The new guideline on clinical warfarin sensitivity genotyping allele selection completes a series of three reports intended to facilitate testing and promote standardization for frequently used pharmacogenetics genotyping assays. Developed by the AMP PGx Working Group with organizational representation from the CAP and the Clinical Pharmacogenetics Implementation Consortium, the latest report (https://doi.org/10.1016/j.jmoldx.2020.04.204) builds on the earlier recommendations for clinical CYP2C19 and CYP2C9 genotyping. The recommendations should be implemented together with other clinical guidelines such as those issued by the consortium, which focus primarily on the interpretation of PGx test results and therapeutic recommendations for specific drug-gene pairs.
Similar to the previous reports in the series, this new warfarin genotyping guideline offers a two-tier categorization of alleles that are recommended for inclusion in clinical PGx genotyping assays.
New Qiagen panels launched at ASCO
Qiagen showcased its Sample to Insight solutions for cancer in connection with the American Society of Clinical Oncology annual meeting, held virtually in May.
The new QCI Interpret One software solution is now part of Qiagen’s Clinical Insights portfolio. QCI Interpret One delivers variant- and disease-specific evidence for every variant in any somatic panel, backing each classification with the latest peer-reviewed publications, oncologist-reviewed interpretation summaries, and an “expert second opinion.”
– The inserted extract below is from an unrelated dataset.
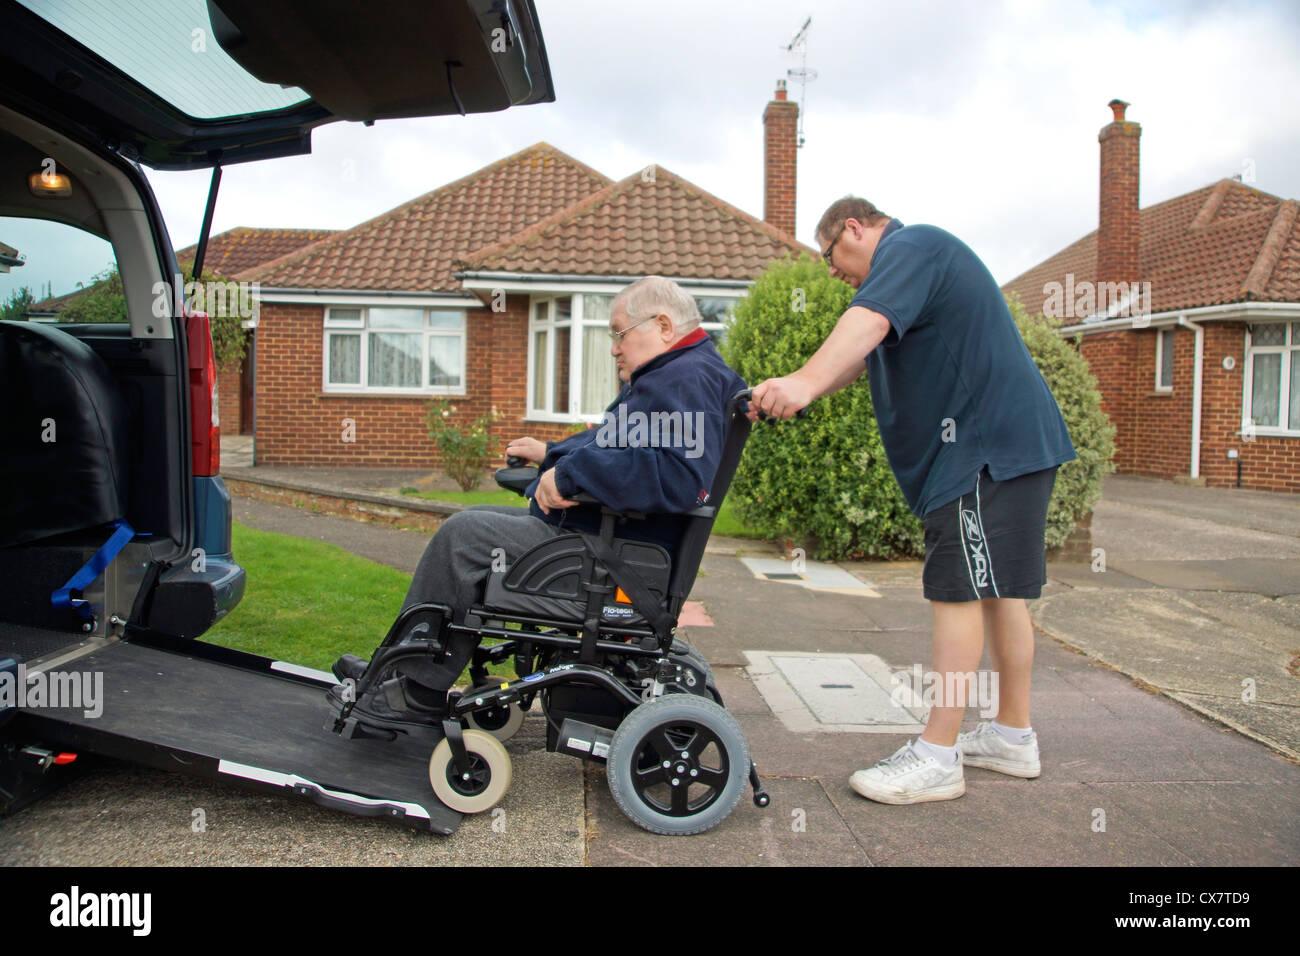 Carer mâle fils de pousser un vieil homme handicapé dans un fauteuil roulant sur un bâti en rampe dans une voiture Banque D'Images

The new QIAseq Pan-cancer Multimodal (1.44 Mb, 605 gene) panel for comprehensive genomic profiling of solid tumors and hematologic malignancies leverages the Multimodal technology that begins with a total nucleic acid extraction and is followed by simultaneous preparation of DNA and RNA libraries. The Pan-cancer panel enables the detection of DNA and RNA aberrations and known and unknown RNA fusions, in addition to assessment of tumor mutational burden and microsatellite instability status in multiple sample types from a single sample input.
Qiagen also launched its QIAseq Targeted Methyl panels for targeted methylation analysis. The solutions offer faster one-day workflows and data analysis pipelines for predesigned and custom-tailored panels in a range of cancer applications, designed for low-input samples including liquid biopsy and those that are formalin-fixed, paraffin-embedded.
Sysmex launches XF-1600
Sysmex America on June 17 announced the availability of its XF-1600 flow cytometer.
The XF-1600 works in tandem with Sysmex’s PS-10 Sample Preparation System to automate the entire process of antibody staining, incubation, and flow cytometry analysis. “Highly trained operators no longer have to spend hours manually pipetting, leaving valuable time for more complex activities,” Andy Hay, chief operating officer of Sysmex America, said in a statement. It is available now in the United States and Canada.